* What is needed *
The required output is the exact run of lines below that opens at the line with "Name: budget_adj, dtype: int64" and closes at the line with "2.504192e+08 1.232098 16".

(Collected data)
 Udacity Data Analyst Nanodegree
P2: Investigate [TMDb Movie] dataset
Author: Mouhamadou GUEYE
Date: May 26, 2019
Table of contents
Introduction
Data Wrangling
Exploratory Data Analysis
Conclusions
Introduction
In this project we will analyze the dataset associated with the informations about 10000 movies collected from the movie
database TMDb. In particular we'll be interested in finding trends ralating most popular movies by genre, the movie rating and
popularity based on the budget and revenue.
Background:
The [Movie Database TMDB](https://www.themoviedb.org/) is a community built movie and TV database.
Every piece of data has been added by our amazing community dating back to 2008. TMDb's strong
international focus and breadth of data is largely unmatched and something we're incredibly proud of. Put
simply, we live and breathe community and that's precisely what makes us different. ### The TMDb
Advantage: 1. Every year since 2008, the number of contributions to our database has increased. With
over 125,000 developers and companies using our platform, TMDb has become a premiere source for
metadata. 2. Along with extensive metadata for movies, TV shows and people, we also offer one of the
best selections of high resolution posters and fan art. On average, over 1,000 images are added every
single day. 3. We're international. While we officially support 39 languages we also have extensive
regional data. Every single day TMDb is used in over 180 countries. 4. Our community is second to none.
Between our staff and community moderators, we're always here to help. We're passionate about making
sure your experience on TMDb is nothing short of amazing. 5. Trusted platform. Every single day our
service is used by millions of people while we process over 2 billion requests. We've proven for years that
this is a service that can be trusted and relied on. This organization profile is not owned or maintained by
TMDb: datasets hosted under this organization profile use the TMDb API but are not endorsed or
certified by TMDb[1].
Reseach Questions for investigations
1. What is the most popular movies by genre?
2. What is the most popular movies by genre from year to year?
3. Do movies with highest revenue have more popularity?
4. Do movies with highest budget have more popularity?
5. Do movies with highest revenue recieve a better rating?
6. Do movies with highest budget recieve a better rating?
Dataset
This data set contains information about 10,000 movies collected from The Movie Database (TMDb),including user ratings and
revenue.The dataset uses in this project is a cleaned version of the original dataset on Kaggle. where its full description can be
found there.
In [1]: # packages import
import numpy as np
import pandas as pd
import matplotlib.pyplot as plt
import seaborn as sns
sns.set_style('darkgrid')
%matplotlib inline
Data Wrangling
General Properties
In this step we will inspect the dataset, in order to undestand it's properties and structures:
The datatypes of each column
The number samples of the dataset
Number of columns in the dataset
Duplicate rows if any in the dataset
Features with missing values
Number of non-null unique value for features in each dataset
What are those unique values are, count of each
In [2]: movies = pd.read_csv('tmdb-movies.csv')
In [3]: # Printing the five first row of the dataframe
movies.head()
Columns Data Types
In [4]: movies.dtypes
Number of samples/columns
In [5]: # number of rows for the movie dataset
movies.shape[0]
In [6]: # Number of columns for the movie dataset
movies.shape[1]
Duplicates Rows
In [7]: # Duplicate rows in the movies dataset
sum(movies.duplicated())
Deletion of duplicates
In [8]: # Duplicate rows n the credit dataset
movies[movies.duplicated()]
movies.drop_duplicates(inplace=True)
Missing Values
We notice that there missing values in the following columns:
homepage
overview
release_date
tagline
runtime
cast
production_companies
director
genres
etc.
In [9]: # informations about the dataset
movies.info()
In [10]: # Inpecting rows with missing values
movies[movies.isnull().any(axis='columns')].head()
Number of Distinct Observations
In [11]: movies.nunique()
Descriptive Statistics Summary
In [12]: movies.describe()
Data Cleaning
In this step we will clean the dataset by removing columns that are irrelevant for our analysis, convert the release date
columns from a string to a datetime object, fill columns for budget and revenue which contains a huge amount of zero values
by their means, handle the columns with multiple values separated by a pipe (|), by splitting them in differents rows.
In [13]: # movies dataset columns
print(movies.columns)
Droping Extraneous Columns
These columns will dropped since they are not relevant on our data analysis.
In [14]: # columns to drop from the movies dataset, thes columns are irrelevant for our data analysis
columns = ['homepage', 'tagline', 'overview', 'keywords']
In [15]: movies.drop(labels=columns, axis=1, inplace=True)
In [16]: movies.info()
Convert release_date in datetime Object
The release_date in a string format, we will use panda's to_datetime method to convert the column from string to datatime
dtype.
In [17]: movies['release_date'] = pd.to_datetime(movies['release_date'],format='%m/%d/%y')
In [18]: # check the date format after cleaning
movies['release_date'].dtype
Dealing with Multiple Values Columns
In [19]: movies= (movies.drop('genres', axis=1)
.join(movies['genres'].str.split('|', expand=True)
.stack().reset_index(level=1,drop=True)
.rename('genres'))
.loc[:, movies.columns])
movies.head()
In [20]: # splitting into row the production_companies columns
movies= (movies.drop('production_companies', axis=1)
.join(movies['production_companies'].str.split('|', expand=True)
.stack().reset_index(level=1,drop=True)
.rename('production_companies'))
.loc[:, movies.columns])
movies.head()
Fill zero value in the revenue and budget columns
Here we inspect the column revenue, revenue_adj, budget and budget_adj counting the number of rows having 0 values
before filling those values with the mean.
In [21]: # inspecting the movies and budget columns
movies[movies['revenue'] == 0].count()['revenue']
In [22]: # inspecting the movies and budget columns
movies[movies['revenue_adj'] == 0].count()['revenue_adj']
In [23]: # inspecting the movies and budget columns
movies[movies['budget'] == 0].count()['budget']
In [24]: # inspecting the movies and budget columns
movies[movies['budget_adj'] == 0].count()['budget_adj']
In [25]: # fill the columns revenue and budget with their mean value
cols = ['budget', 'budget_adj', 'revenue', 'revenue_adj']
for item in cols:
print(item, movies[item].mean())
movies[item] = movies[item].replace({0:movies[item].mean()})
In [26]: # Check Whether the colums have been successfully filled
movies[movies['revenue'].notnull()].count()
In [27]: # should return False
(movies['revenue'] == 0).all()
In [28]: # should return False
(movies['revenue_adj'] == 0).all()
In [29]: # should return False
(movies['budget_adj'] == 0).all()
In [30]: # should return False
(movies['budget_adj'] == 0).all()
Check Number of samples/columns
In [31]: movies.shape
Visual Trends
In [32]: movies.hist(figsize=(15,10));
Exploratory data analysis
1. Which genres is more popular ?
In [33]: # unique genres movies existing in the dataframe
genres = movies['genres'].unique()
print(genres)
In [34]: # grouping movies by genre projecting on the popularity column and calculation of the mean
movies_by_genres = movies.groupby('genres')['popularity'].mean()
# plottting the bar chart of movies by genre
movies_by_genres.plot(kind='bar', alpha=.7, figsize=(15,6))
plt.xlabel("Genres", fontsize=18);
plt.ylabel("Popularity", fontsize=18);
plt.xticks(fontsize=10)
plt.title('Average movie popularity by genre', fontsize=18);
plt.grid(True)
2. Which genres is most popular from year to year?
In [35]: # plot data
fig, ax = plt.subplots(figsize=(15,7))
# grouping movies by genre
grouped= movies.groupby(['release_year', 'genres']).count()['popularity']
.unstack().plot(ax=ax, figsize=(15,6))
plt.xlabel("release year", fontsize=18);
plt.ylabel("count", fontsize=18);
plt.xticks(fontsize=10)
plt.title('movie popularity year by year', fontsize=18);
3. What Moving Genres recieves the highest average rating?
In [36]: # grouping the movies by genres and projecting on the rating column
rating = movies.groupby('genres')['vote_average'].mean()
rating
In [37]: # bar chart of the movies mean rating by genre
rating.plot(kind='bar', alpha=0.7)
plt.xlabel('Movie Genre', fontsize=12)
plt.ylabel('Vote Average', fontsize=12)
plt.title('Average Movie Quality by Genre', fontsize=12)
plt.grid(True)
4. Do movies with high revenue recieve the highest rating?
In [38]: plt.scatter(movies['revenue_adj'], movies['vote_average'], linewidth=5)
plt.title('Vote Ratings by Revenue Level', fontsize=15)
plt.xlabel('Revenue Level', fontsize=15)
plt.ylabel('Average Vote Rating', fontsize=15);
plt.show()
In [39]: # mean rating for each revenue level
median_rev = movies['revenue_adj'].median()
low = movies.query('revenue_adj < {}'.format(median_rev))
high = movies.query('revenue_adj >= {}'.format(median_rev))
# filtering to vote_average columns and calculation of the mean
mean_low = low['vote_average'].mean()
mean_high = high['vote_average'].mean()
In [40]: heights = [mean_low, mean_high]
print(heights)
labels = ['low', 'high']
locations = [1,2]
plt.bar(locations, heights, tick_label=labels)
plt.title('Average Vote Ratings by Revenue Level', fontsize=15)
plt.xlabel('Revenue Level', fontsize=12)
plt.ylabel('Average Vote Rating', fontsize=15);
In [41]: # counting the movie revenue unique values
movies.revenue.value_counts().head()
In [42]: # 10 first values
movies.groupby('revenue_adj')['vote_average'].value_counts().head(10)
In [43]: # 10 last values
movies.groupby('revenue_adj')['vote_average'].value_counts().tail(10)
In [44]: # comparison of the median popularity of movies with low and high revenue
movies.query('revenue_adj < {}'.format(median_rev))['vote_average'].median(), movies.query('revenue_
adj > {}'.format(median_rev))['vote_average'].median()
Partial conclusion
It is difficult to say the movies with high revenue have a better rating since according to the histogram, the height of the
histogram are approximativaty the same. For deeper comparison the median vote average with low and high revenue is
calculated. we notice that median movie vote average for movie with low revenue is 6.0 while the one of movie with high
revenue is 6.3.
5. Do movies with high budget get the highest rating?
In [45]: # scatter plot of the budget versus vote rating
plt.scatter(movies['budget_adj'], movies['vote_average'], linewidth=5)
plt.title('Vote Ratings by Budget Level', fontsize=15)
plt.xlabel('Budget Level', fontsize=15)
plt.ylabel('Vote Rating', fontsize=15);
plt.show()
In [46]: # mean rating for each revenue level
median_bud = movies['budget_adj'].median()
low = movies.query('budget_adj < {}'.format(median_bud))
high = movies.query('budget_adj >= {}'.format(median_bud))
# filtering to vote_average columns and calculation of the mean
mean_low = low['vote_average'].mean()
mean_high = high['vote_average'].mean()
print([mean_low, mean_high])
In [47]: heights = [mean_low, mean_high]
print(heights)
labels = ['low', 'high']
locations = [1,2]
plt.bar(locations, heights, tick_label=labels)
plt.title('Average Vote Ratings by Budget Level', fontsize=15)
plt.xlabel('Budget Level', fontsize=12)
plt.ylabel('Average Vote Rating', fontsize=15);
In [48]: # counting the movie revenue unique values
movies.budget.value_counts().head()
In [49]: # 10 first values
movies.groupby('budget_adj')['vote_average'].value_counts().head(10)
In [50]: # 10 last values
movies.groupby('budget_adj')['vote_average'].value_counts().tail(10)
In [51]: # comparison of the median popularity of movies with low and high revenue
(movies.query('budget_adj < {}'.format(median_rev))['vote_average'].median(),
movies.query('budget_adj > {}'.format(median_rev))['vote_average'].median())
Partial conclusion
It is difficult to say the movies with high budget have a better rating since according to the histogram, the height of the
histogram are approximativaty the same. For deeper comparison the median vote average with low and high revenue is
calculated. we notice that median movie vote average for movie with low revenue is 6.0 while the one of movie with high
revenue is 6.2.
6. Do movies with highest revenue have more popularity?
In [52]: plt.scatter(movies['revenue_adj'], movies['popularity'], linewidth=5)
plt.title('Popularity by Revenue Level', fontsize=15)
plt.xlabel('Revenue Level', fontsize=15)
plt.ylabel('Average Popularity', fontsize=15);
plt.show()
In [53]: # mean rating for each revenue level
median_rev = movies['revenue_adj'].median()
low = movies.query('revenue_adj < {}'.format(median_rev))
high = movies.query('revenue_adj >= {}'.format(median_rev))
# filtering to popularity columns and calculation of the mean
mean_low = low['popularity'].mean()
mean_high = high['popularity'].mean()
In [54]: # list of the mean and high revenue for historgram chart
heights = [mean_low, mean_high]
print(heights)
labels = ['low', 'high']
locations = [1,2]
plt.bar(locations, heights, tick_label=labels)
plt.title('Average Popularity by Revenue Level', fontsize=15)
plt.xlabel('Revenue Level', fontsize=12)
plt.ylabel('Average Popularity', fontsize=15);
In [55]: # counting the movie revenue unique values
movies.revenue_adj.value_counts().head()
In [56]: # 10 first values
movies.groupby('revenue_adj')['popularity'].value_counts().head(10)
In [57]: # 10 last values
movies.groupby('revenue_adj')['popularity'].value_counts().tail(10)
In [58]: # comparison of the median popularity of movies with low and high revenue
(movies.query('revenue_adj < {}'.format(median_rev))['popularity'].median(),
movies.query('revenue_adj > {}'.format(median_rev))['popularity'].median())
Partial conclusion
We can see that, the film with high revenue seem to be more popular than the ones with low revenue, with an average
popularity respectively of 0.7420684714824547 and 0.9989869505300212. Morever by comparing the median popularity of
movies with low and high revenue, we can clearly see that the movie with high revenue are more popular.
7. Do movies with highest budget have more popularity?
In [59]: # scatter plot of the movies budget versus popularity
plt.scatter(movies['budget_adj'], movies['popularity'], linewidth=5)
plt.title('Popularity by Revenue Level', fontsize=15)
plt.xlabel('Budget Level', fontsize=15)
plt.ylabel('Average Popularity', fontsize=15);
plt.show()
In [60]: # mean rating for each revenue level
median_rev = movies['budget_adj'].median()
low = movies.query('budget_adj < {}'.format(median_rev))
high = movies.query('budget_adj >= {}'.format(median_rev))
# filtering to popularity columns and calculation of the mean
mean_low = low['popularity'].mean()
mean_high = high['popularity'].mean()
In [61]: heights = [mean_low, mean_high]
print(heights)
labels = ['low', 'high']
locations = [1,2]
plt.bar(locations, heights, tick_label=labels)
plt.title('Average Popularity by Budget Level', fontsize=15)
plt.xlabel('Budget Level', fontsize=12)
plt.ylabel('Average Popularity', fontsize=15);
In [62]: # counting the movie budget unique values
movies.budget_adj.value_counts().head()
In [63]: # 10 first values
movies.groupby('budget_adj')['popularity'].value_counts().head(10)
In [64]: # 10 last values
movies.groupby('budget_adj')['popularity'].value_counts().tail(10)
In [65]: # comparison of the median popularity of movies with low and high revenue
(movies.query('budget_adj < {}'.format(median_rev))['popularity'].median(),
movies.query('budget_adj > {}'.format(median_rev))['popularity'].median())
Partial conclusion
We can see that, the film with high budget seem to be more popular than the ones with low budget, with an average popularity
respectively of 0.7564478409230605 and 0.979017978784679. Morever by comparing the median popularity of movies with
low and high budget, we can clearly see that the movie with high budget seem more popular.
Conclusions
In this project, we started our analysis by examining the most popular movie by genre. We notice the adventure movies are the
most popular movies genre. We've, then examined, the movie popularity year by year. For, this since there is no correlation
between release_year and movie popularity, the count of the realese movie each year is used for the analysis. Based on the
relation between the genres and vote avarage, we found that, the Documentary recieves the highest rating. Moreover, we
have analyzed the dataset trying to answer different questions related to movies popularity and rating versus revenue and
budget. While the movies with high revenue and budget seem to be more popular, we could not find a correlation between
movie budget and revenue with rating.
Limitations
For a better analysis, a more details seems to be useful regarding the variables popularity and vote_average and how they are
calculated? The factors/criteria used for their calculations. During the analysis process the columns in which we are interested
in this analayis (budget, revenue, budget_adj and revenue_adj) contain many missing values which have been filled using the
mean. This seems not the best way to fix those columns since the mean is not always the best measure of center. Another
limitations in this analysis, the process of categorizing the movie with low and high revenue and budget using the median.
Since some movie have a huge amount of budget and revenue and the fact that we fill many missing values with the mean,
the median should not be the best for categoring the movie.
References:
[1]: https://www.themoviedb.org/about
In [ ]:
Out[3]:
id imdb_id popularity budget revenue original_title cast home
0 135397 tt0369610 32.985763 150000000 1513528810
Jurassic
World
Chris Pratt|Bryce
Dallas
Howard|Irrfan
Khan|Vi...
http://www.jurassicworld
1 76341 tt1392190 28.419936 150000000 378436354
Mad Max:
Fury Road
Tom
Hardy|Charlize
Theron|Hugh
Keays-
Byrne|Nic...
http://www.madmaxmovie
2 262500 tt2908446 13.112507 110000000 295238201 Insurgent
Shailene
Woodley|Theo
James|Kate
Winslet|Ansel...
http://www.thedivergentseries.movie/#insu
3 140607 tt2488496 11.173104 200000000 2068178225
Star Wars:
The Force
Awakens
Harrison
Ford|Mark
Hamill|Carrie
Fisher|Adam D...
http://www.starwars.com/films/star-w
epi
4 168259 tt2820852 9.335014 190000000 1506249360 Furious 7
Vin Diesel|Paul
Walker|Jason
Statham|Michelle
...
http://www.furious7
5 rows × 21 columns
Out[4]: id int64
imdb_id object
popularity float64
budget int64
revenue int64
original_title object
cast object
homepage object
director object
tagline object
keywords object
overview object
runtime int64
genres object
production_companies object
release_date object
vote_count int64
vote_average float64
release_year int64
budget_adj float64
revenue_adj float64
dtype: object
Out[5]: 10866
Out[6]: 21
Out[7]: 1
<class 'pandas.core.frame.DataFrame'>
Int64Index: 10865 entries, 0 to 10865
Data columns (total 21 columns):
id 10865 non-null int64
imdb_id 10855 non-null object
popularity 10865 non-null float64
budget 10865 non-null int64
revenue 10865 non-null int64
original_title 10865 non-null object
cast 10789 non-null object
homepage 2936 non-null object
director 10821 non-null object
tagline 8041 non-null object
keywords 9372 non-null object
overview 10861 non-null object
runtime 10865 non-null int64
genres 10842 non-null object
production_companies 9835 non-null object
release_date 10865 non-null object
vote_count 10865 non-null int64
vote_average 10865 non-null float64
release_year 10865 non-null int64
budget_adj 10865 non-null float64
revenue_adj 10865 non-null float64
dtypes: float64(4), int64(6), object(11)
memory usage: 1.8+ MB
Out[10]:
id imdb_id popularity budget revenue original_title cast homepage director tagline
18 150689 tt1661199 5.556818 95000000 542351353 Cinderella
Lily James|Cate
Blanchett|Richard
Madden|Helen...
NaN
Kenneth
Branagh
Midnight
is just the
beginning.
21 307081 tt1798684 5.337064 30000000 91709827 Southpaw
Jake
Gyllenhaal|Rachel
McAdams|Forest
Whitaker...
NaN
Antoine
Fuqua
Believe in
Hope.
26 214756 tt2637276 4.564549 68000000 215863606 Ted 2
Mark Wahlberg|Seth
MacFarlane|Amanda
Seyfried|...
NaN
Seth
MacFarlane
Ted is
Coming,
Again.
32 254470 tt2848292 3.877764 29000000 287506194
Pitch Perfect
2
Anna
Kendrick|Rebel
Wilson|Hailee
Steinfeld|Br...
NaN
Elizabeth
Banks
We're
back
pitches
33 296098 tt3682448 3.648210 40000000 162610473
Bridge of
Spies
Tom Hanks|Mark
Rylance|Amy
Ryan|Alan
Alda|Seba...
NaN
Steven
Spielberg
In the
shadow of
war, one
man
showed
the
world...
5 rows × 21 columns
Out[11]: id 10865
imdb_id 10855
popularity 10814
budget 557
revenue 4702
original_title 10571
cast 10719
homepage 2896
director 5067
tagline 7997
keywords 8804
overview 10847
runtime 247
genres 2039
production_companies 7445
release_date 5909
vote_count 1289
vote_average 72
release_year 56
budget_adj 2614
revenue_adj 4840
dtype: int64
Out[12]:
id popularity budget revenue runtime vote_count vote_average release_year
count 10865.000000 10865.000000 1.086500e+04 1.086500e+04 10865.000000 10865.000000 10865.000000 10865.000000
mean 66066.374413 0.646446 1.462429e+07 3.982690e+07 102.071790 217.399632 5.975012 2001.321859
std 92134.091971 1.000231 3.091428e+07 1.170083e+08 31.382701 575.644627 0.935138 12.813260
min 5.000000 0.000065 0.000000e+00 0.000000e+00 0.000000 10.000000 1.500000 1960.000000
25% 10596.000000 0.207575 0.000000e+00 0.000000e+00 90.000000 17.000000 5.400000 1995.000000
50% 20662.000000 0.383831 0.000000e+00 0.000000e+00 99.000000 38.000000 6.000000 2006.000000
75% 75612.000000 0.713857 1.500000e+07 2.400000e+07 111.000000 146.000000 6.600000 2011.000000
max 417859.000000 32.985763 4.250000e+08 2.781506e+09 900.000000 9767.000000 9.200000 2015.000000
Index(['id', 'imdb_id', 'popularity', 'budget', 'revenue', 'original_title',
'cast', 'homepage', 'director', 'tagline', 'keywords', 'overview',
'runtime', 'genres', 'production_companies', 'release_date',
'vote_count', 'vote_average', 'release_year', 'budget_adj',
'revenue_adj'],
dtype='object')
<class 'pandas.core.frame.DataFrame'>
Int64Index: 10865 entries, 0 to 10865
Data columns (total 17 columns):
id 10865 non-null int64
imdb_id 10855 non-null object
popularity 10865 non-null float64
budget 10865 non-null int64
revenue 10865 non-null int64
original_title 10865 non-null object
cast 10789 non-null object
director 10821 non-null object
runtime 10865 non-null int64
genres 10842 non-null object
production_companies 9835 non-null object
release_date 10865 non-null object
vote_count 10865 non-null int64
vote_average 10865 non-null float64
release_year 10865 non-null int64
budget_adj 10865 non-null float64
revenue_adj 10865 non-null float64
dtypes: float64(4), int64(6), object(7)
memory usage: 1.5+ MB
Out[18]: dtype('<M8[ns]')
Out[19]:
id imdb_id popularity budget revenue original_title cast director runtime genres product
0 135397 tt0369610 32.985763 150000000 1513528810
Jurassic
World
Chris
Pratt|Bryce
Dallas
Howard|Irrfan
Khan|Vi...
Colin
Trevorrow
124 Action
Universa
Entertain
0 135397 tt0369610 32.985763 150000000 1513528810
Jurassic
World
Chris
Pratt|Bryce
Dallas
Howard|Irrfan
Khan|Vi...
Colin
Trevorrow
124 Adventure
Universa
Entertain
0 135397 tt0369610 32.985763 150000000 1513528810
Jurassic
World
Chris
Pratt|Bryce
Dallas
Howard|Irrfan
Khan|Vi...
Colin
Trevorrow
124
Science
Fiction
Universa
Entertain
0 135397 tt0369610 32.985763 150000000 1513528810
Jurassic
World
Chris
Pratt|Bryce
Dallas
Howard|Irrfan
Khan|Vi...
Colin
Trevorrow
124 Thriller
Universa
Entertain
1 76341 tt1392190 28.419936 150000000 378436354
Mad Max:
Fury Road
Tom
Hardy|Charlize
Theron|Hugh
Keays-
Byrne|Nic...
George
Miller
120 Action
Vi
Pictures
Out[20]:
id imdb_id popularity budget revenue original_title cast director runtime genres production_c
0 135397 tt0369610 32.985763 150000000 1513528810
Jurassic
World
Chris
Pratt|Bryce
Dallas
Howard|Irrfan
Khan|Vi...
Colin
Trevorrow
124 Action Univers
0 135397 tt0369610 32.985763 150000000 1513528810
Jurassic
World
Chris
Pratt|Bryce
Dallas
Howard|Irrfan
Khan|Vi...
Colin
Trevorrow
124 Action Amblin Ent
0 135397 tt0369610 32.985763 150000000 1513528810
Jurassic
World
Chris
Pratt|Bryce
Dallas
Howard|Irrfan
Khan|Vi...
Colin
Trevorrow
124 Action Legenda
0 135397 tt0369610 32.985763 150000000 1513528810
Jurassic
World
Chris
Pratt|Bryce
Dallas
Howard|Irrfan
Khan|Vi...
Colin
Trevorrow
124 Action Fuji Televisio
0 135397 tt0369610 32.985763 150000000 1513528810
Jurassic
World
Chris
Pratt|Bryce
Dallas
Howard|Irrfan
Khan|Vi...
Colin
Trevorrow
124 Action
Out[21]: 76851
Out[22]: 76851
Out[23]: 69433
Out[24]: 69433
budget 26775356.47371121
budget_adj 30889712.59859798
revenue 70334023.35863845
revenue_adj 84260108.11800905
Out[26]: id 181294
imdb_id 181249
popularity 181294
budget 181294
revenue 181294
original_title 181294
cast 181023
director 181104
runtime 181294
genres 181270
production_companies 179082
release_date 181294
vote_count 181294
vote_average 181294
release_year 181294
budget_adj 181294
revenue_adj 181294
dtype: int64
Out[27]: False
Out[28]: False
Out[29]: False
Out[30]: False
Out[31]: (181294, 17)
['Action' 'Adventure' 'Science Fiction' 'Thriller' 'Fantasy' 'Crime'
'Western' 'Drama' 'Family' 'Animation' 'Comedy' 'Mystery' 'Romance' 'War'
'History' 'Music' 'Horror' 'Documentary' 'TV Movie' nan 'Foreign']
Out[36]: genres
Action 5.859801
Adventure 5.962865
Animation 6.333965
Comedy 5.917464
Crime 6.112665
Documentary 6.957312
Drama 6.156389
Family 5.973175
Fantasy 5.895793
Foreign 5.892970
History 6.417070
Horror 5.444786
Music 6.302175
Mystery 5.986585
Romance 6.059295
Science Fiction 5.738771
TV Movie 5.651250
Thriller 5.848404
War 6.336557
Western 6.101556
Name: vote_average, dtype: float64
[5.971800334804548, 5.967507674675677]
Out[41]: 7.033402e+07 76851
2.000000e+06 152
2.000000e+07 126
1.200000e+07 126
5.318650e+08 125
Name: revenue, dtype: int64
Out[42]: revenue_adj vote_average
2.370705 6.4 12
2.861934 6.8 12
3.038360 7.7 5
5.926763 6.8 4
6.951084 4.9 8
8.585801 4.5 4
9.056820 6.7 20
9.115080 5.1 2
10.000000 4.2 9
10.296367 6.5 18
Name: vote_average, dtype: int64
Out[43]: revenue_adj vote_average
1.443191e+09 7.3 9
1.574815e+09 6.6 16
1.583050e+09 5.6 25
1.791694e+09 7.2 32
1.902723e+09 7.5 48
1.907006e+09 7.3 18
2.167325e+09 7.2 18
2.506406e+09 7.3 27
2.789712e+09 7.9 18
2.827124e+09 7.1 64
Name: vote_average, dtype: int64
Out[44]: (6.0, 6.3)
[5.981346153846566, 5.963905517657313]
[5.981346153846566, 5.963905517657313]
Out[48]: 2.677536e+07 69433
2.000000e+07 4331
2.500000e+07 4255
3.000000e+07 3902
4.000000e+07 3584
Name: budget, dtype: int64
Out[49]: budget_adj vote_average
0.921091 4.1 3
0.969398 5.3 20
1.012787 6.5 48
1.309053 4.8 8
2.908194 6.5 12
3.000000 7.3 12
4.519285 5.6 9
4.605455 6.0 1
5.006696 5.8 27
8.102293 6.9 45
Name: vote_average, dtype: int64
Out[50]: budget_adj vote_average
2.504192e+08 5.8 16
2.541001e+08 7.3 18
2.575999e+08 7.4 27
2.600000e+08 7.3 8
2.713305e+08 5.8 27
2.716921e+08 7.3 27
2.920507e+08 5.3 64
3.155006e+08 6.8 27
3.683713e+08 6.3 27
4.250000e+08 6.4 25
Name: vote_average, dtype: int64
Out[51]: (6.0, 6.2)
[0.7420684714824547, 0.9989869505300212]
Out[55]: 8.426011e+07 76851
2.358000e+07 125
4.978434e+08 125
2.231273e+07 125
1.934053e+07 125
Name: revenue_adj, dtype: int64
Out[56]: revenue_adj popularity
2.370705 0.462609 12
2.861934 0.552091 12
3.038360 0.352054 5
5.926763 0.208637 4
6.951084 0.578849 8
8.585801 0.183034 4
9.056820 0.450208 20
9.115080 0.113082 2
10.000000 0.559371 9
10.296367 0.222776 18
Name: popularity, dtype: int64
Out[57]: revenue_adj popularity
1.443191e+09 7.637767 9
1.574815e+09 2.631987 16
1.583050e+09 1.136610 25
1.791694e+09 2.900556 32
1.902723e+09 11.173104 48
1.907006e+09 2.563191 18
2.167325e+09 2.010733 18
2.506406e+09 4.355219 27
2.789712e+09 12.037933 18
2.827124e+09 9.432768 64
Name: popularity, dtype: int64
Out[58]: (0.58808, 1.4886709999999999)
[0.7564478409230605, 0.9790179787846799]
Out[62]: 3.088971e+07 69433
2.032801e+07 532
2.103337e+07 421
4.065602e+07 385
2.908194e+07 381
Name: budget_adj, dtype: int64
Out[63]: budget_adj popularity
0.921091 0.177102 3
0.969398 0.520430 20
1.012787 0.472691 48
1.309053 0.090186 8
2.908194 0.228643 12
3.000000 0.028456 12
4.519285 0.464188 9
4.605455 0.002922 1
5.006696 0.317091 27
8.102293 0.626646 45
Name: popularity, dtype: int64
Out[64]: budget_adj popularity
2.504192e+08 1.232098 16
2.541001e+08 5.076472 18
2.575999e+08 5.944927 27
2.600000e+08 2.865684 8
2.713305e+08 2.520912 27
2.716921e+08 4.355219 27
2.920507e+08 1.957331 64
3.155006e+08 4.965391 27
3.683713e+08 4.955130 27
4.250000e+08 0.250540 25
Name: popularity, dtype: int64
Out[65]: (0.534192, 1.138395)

* Answer space *
Name: budget_adj, dtype: int64
Out[63]: budget_adj popularity
0.921091 0.177102 3
0.969398 0.520430 20
1.012787 0.472691 48
1.309053 0.090186 8
2.908194 0.228643 12
3.000000 0.028456 12
4.519285 0.464188 9
4.605455 0.002922 1
5.006696 0.317091 27
8.102293 0.626646 45
Name: popularity, dtype: int64
Out[64]: budget_adj popularity
2.504192e+08 1.232098 16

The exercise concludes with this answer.